In step S27, the server 20 retrains (updates) the AI model using the labeled training data created in step S26 together with the labeled training data previously used for training (learning).
In step S28, the server 20 transmits the updated new AI model to the information processing devices 11. Each information processing device 11 receives the new AI model, stores it in the storage unit 112, and uses it for recognition processing of the recognition target. Through the above processing, the server 20 is able to automatically detect changes in recognition targets. The server 20 retrains the AI model, which has become outdated over time, by using training data including images of the recognition target after the change. It is therefore possible to update the AI model such that it can recognize the recognition target after the change.
A computer capable of executing programs may be used to implement the functions of the information processing device 11 and server 20. The programs can be stored in a non-transitory computer-readable medium.
1. A server comprising:
a storage unit configured to store an AI model configured to detect a recognition target from a captured image; and
a control unit configured to output information indicating that the recognition target has changed, when a condition is satisfied that the number of locations at which the recognition target that had previously been recognizable is no longer recognizable is greater than a first threshold.
2. The server according to claim 1, wherein the control unit configured to, when the condition is satisfied, collect images including the recognition target that has changed, and update the AI model using the images as training data.
3. The server according to claim 1, wherein:
the control unit is configured to create a map in which a position of the recognition target is mapped; and
the control unit is configured to, when a condition is satisfied that the number of locations at which the recognition target that had previously been recognizable is no longer recognizable is less than or equal to a second threshold, delete mapping data for the location from the map, the second threshold being less than or equal to the first threshold.
4. An information processing device comprising:
a storage unit configured to store an AI model received from a server;
a control unit configured to input a captured image, captured by an onboard camera, into the AI model, perform recognition of a recognition target, and, when the recognition target is not successfully recognized from the captured image, determine whether an imaging condition of the captured image matches an imaging condition under which the recognition target was previously successfully recognized; and
a communication unit configured to, when the recognition target is not successfully recognized from the captured image and the imaging condition matches the imaging condition under which the recognition target was previously successfully recognized, transmit, to the server, the imaging condition, the captured image in which the recognition target is not successfully recognized, and information indicating that the recognition target is no longer recognizable under the imaging condition under which the recognition target was previously successfully recognized.

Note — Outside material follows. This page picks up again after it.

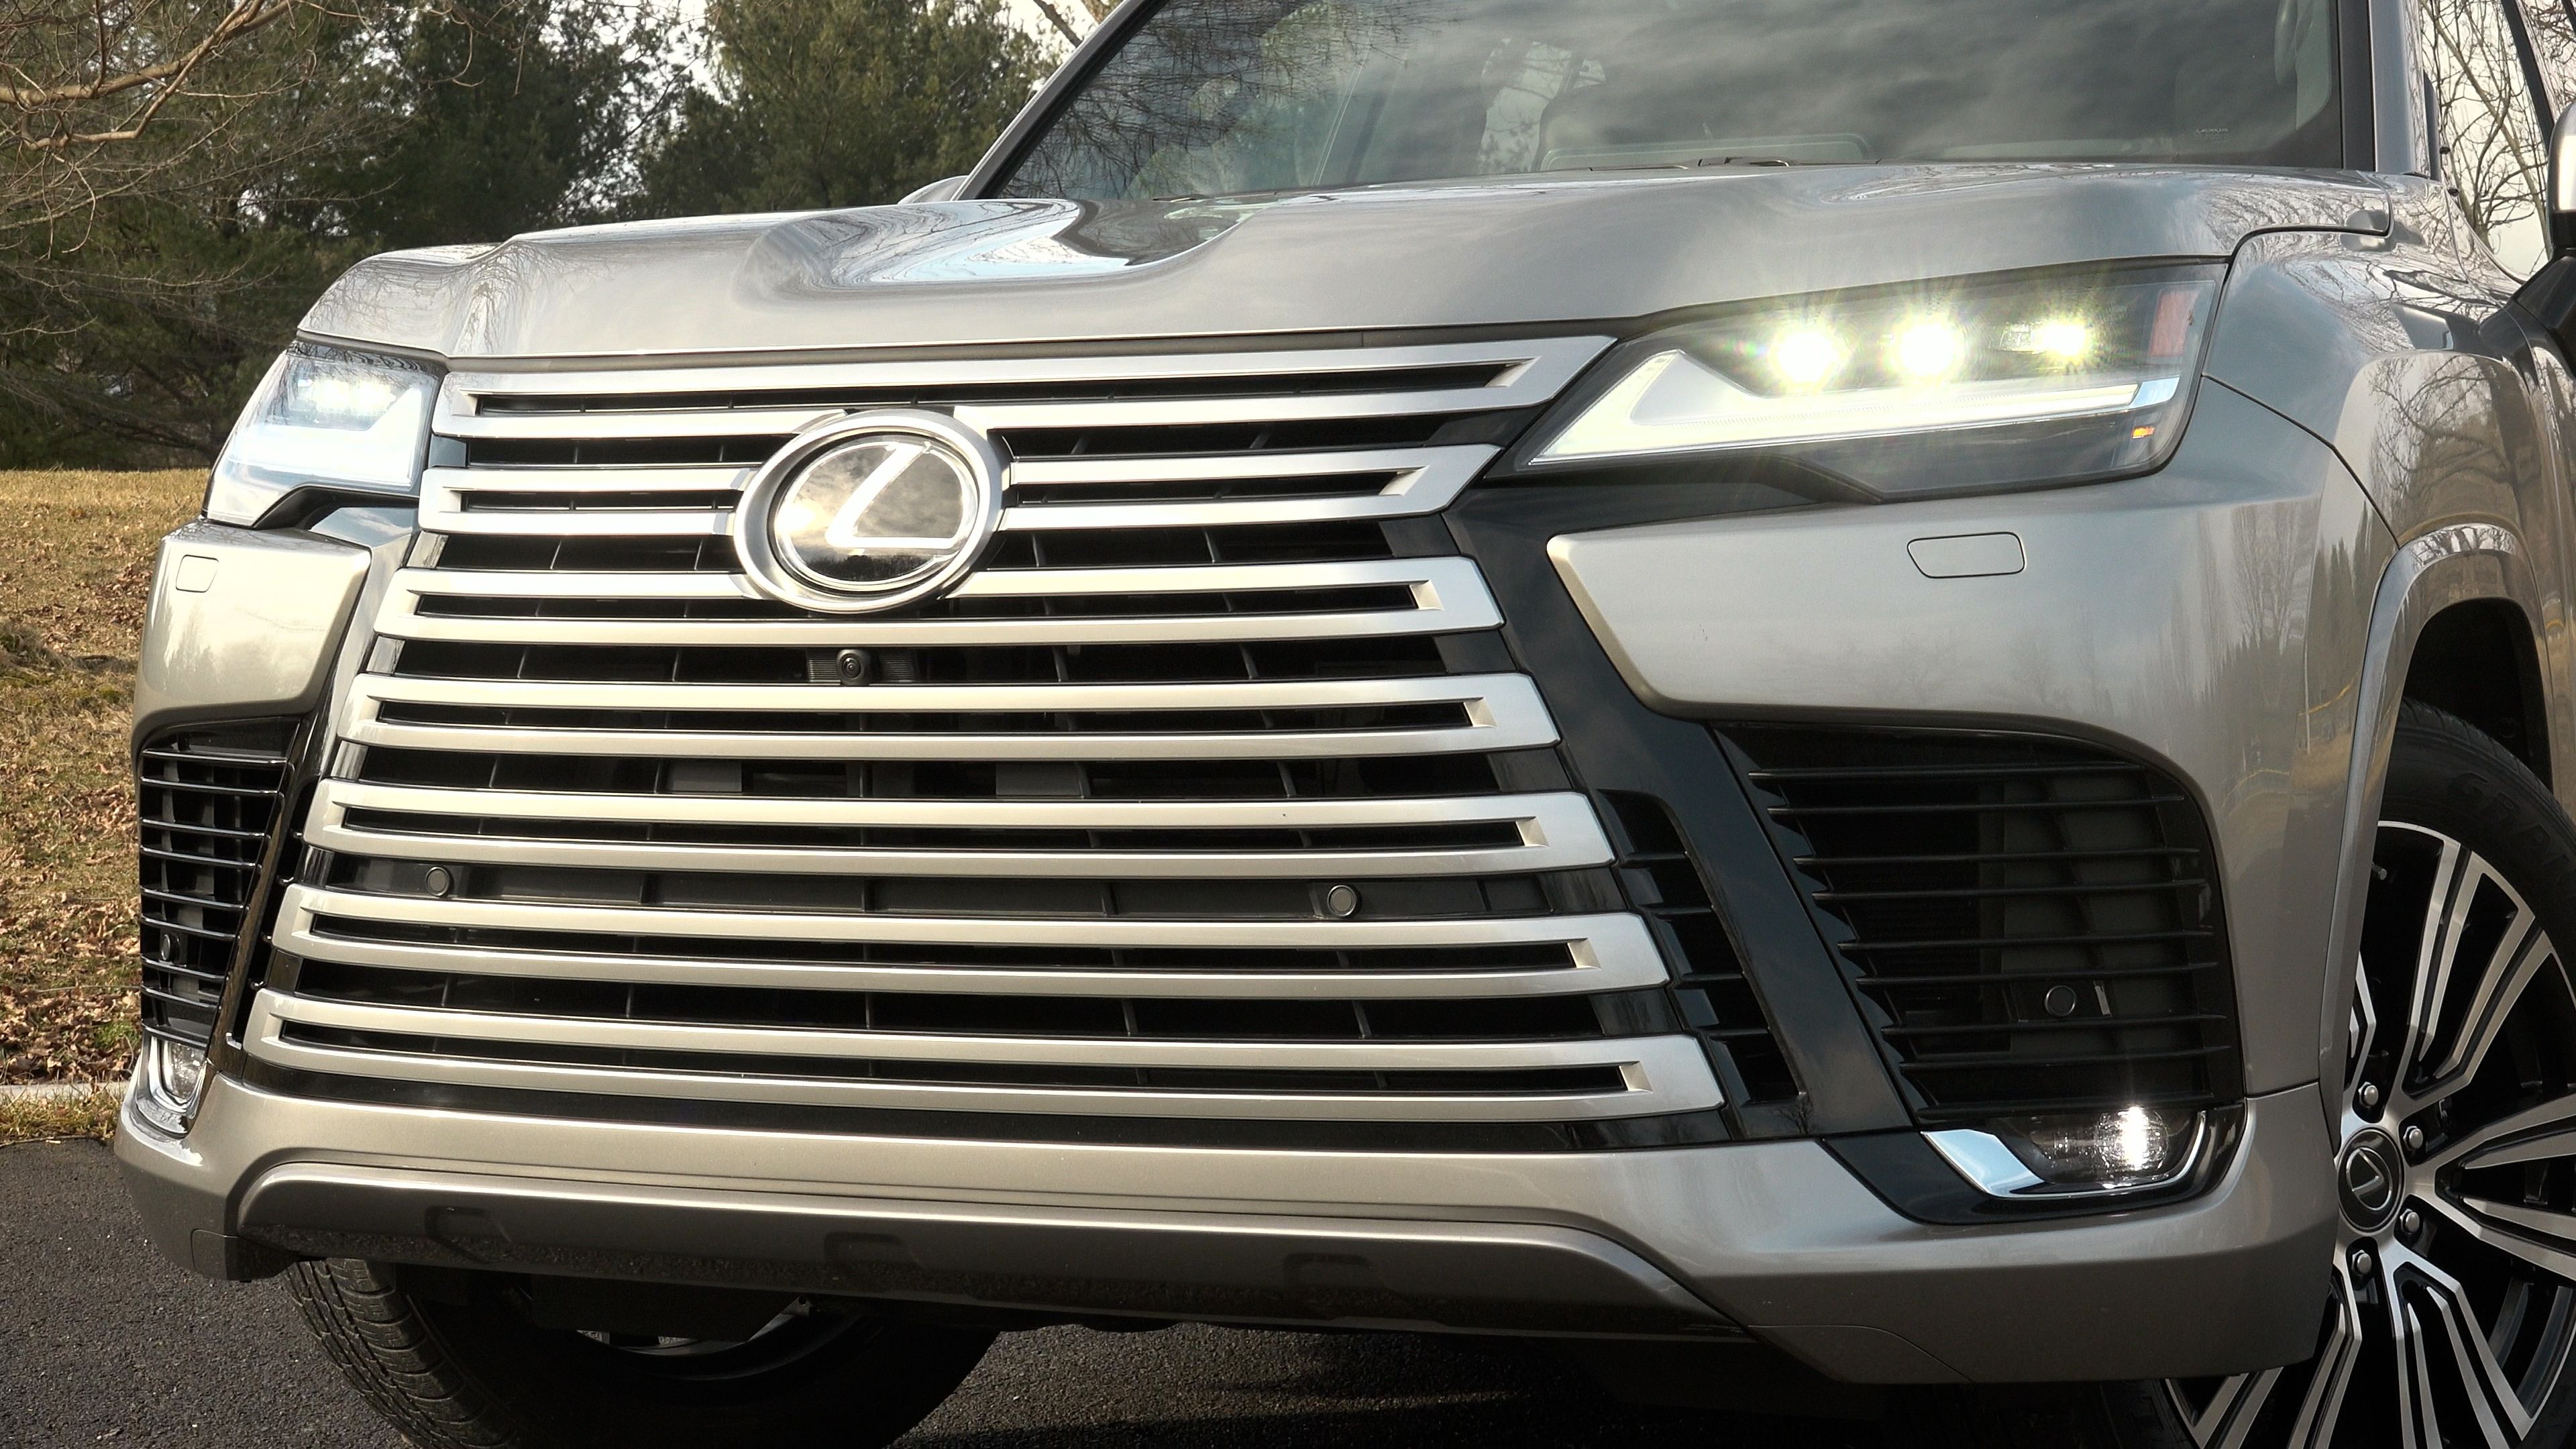 2022 Lexus LX 600 Review: All-New in an Old-School Way

5. The information processing device according to claim 4, wherein the communication unit is configured to, when the recognition target is successfully recognized from the captured image, transmit, to the server, the imaging condition of the captured image and the captured image in which the recognition target is successfully recognized.
6. The information processing device according to claim 5, wherein the imaging condition is information including a position of a vehicle on which the onboard camera is mounted and orientation of the vehicle.